C-210/03 R (on the application of Swedish Match AB and Swedish Match UK Ltd) v Secretary of State for Health [2004] ECR I-11893 involved the challenge to the ban on snus (tobacco for oral use) within the European Union. Swedish Match, having previously failed in challenging the ban, sought to revisit the prohibition in light of scientific developments. One key aspect of the challenge was whether then Article 95 EC (now Article 114 TFEU) constituted the appropriate legal basis for the directive.

The outcome of the case resulted in the rejection of annulment, with the court affirming that Article 95 was indeed the appropriate legal basis for the directive. The judgment sheds light on the scope of Article 95 and its application in harmonising laws to prevent future disparities in national rules.

The judgment clarified that, following the Tobacco Directive case, the mere identification of disparities between national rules is insufficient to justify recourse to Article 95 unless these disparities directly impact the functioning of the internal market. Article 95 can be invoked if the objective is to prevent future trade obstacles arising from the development of divergent national laws, provided that the emergence of such obstacles is likely, and the measure is designed to avert them. Importantly, even if public health protection is a decisive factor, it does not preclude the use of Article 95.

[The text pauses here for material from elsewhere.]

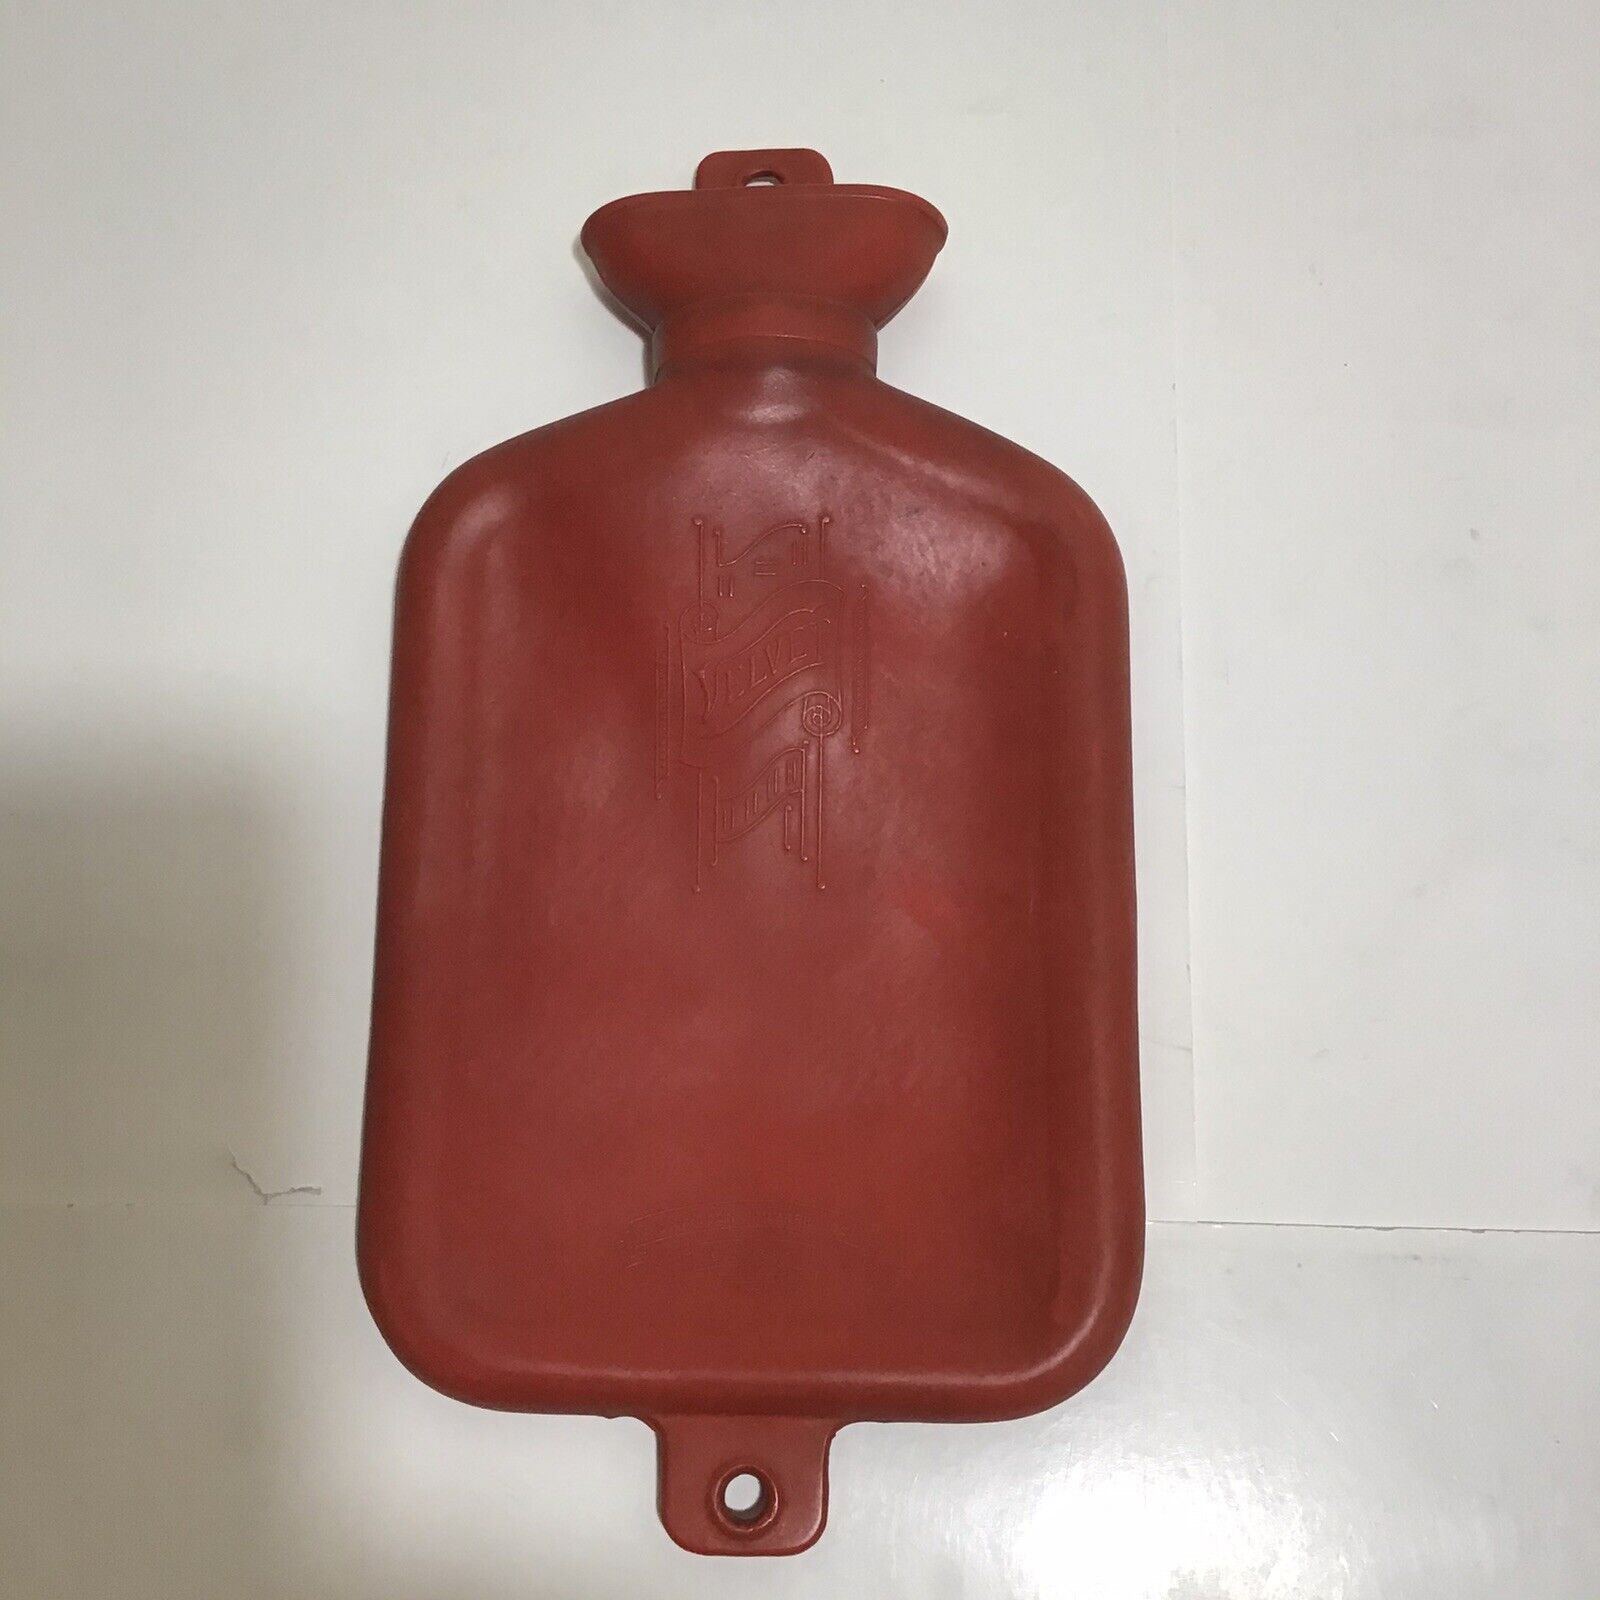 VTG 1950’s Red Rubber Hot Water Bottle With Screw On Lid

In the specific context of this case, the court considered the existing discrepancies in national laws concerning snus at the time when the directive was introduced. The judgment acknowledged the public's increasing awareness of the health risks associated with tobacco consumption, indicating that obstacles to the free movement of snus due to new rules were likely. As such, the conditions for recourse to Article 95 were fulfilled, allowing for measures that could include requiring member states to authorise the product, subjecting authorisations to conditions, or even prohibiting the product, depending on the circumstances.

In summary, this case underscores that Article 95 (now Article 114) can be legitimately used to harmonise laws and prevent future disparities in national rules, provided certain conditions are met, and the measure is designed to address likely obstacles to the functioning of the internal market. The judgment recognises the interplay between public health considerations and the need to ensure the smooth operation of the internal market.